An Empirical Comparison of Preservation Methods for Synthetic DNA Data Storage

Synthetic DNA has recently risen as a viable alternative for long‐term digital data storage. To ensure that information is safely recovered after storage, it is essential to appropriately preserve the physical DNA molecules encoding the data. While preservation of biological DNA has been studied previously, synthetic DNA differs in that it is typically much shorter in length, it has different sequence profiles with fewer, if any, repeats (or homopolymers), and it has different contaminants.

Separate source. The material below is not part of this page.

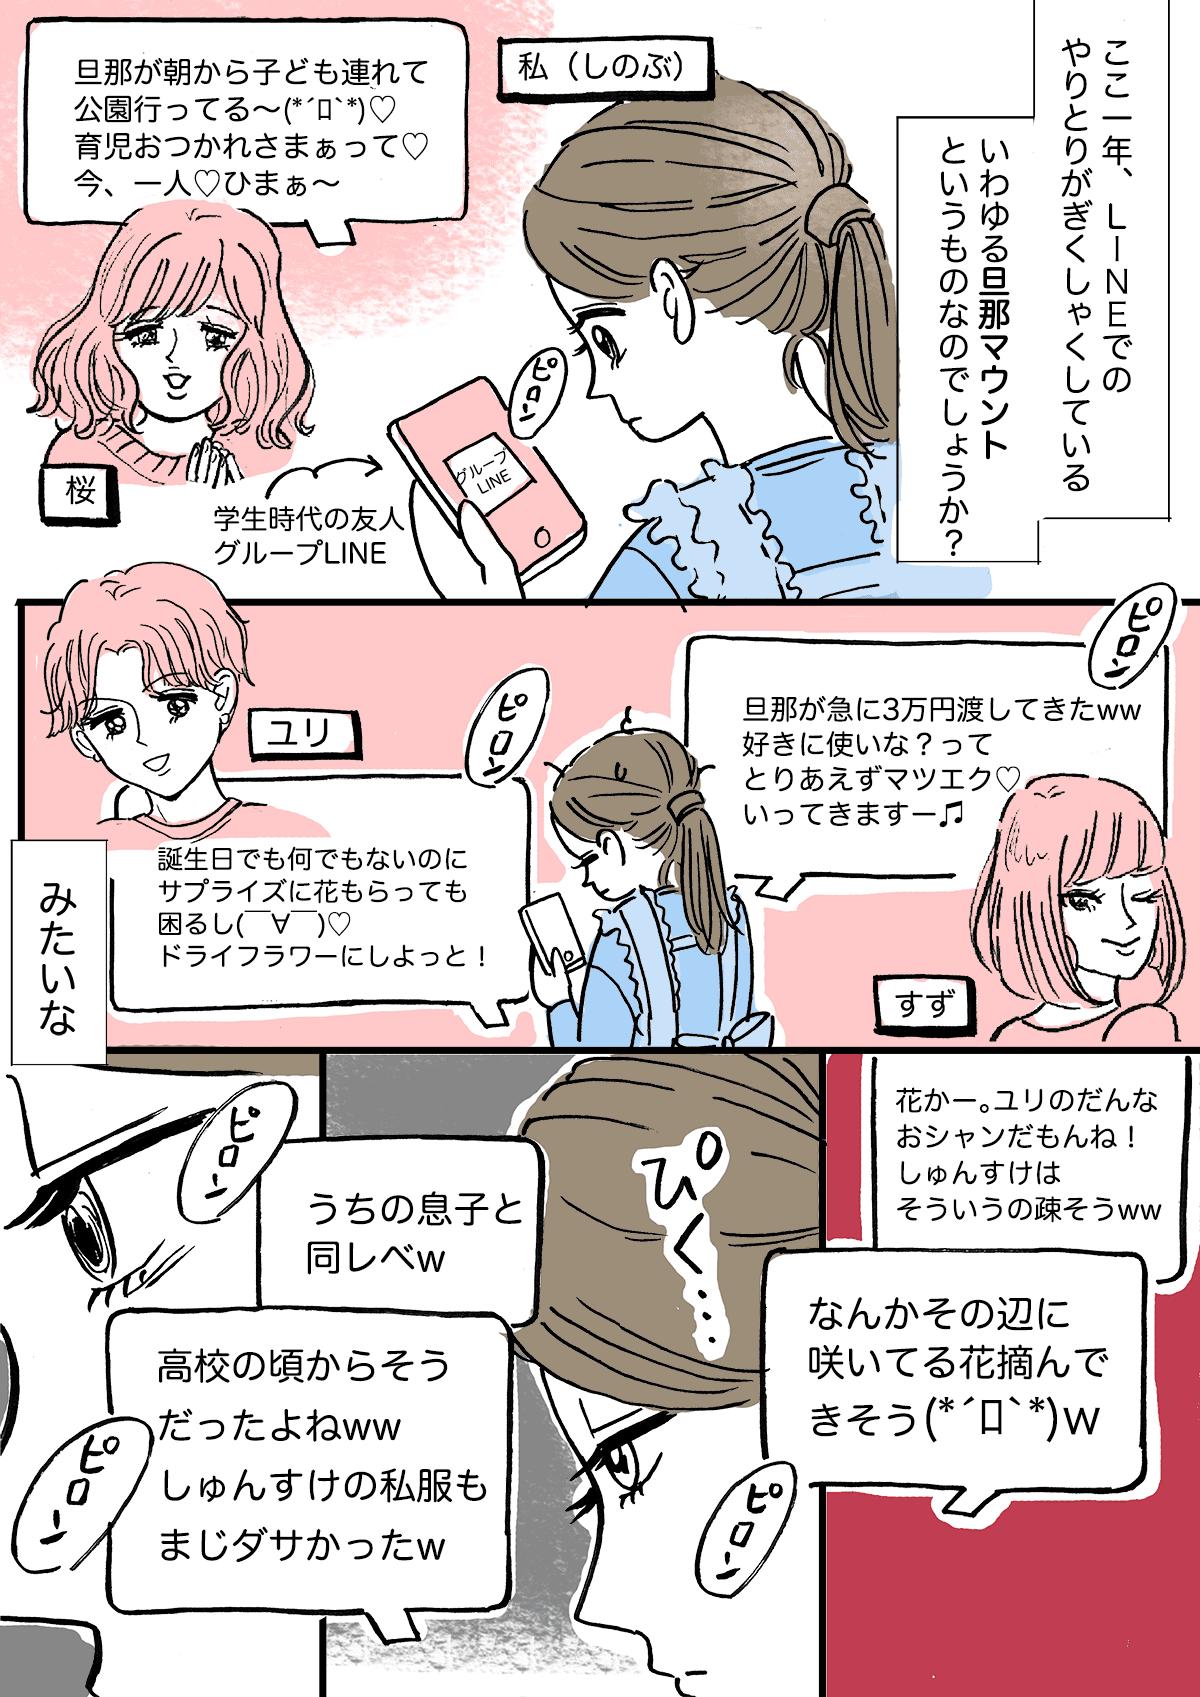 「同級生たちの旦那マウント1」1 (1)

In this paper, nine different methods used to preserve data files encoded in synthetic DNA are evaluated by accelerated aging of nearly 29 000 DNA sequences. In addition to a molecular count comparison, the DNA is also sequenced and analyzed after aging. These findings show that errors and erasures are stochastic and show no practical distribution difference between preservation methods. Finally, the physical density of these methods is compared and a stability versus density trade‐offs discussion provided. Storing data in synthetic DNA may be a solution to the ever‐expanding long‐term digital data storage needs. A practical concern is the method for physically storing this DNA. This work evaluates the ability of nine different methods to preserve DNA. Accelerated aging of tens of thousands of DNA sequences yields a wide distribution of half‐lives, uncorrelated with sequence patterns.